E quando a leitura se tornou uma obrigação? 📚 | parte 2
Segunda parte do especial: Hábito de leitura. Ler materiais chatos, de manuais técnicos a livros de crítica. Lidando com o sono ao ler. A questão da memória. Dicas de livros sobre dormir.
Olá!
Esta é a segunda parte do especial de começo de ano sobre hábitos de leitura.
Já falei sobre aspectos solares de ler, como as relações entre amizades e livros e como a leitura faz bem ao coração, baixando efetivamente níveis de estresse [Especial: Hábito de leitura — parte 1]
Agora vamos conversar sobre uma face sombria da leitura: e se preciso ler por obrigação?

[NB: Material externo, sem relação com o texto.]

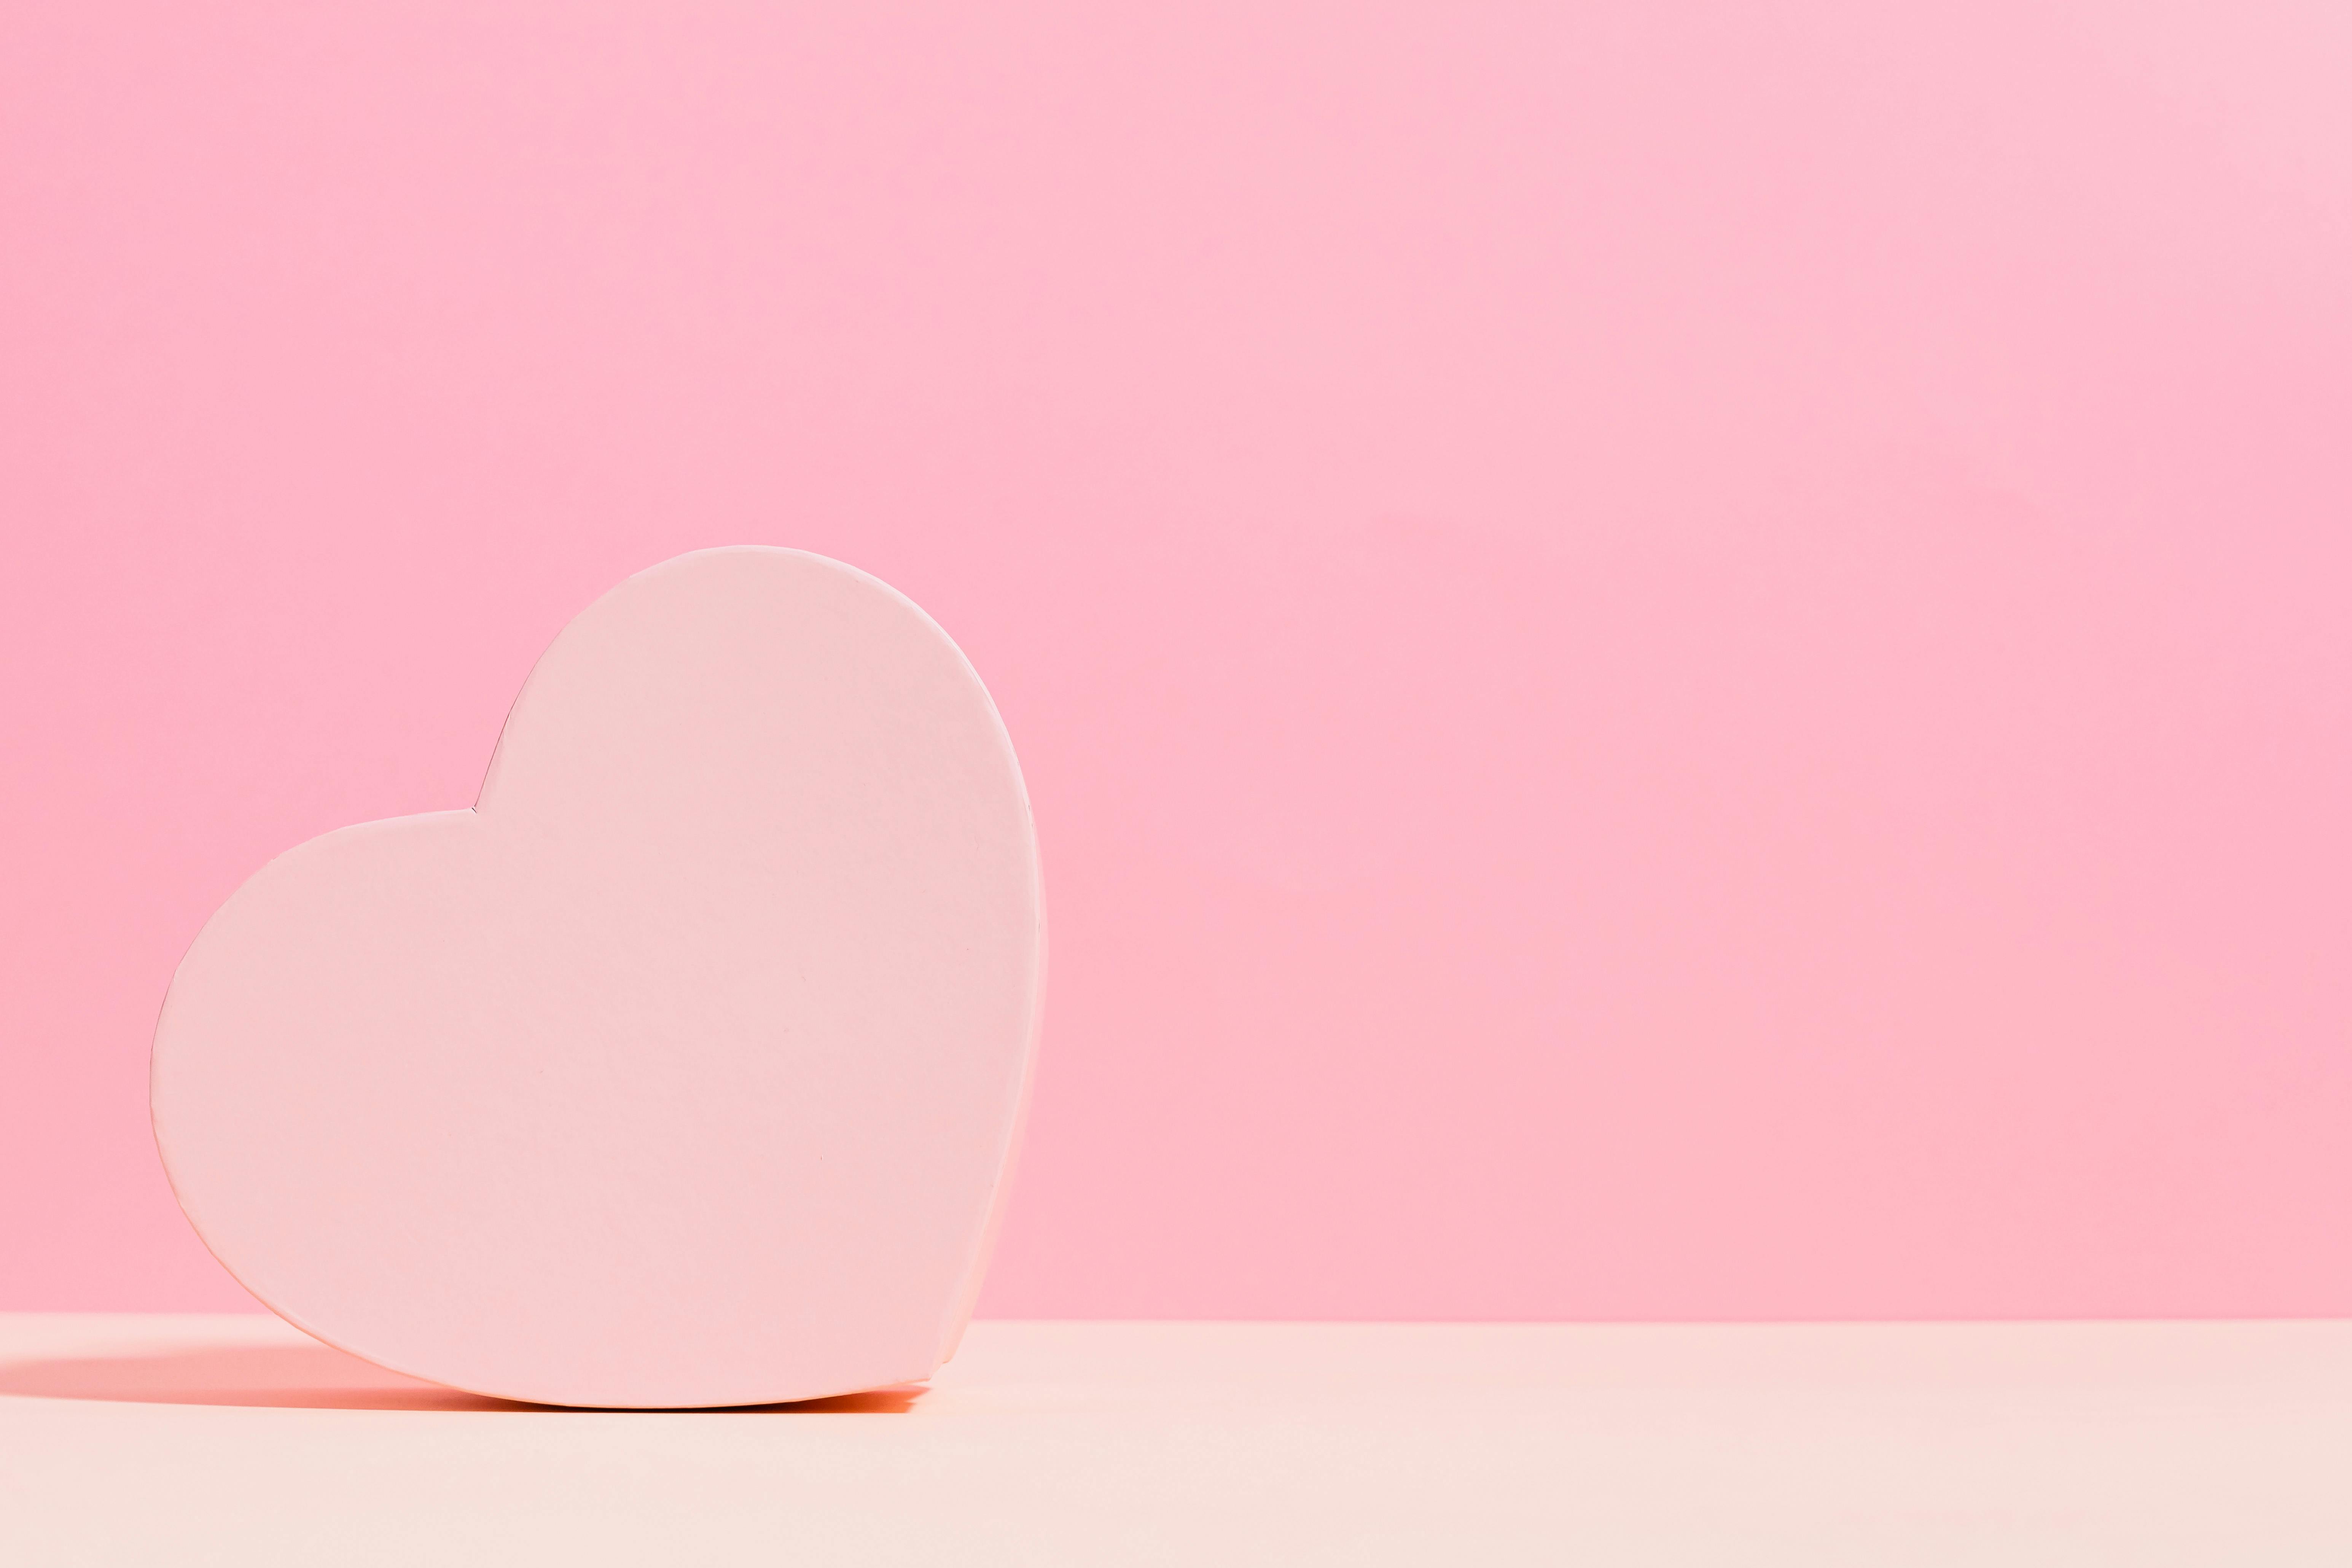 Love Heart on a Pink Background · Free Stock Photo

Para as muitas disciplinas da faculdade? Destrinchar um manual chatíssimo para me atualizar? Para passar num concurso? Para [insira aqui um exemplo de sua vida]?

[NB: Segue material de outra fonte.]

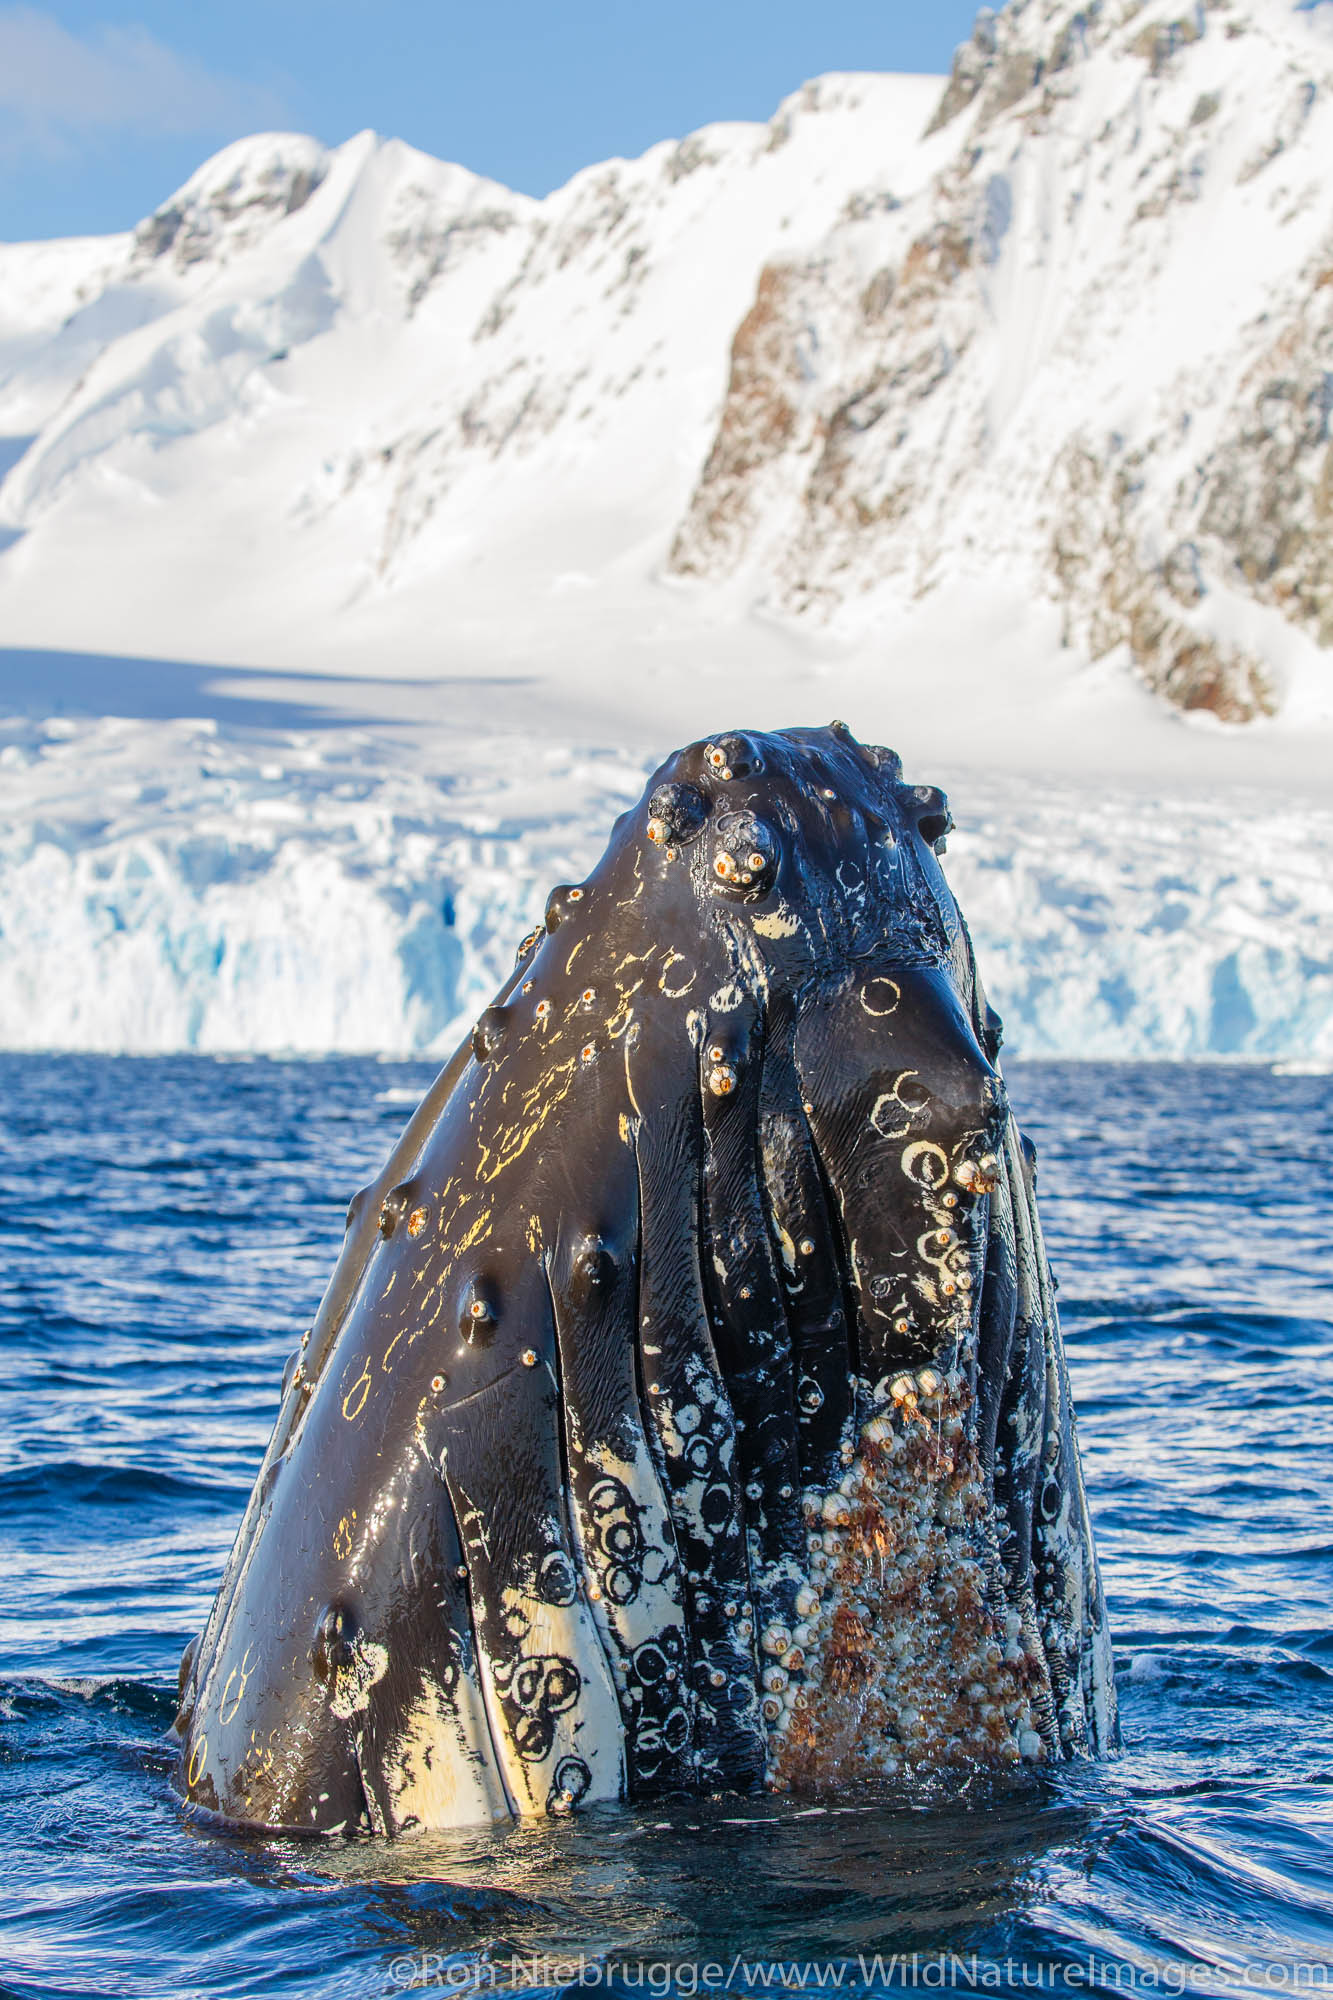 Humpback whales, Lemaire Channel, Antarctica.

Nesta edição, vamos falar de ossos duros de roer e calhamaço difíceis de engolir. Vamos falar até sobre aquele soninho que nos bate durante uma leitura enfadonha e sobre reter o lido na memória.
Juro que na última edição da série, em fevereiro, abordarei sobre algo inspirador: ler por puro deleite.
Agradeço a leitura! Tudo isso só acontece por você estar do outro lado da tela.
Procrastinamos com classe, mesmo que, em alguns dias, não seja nada fácil.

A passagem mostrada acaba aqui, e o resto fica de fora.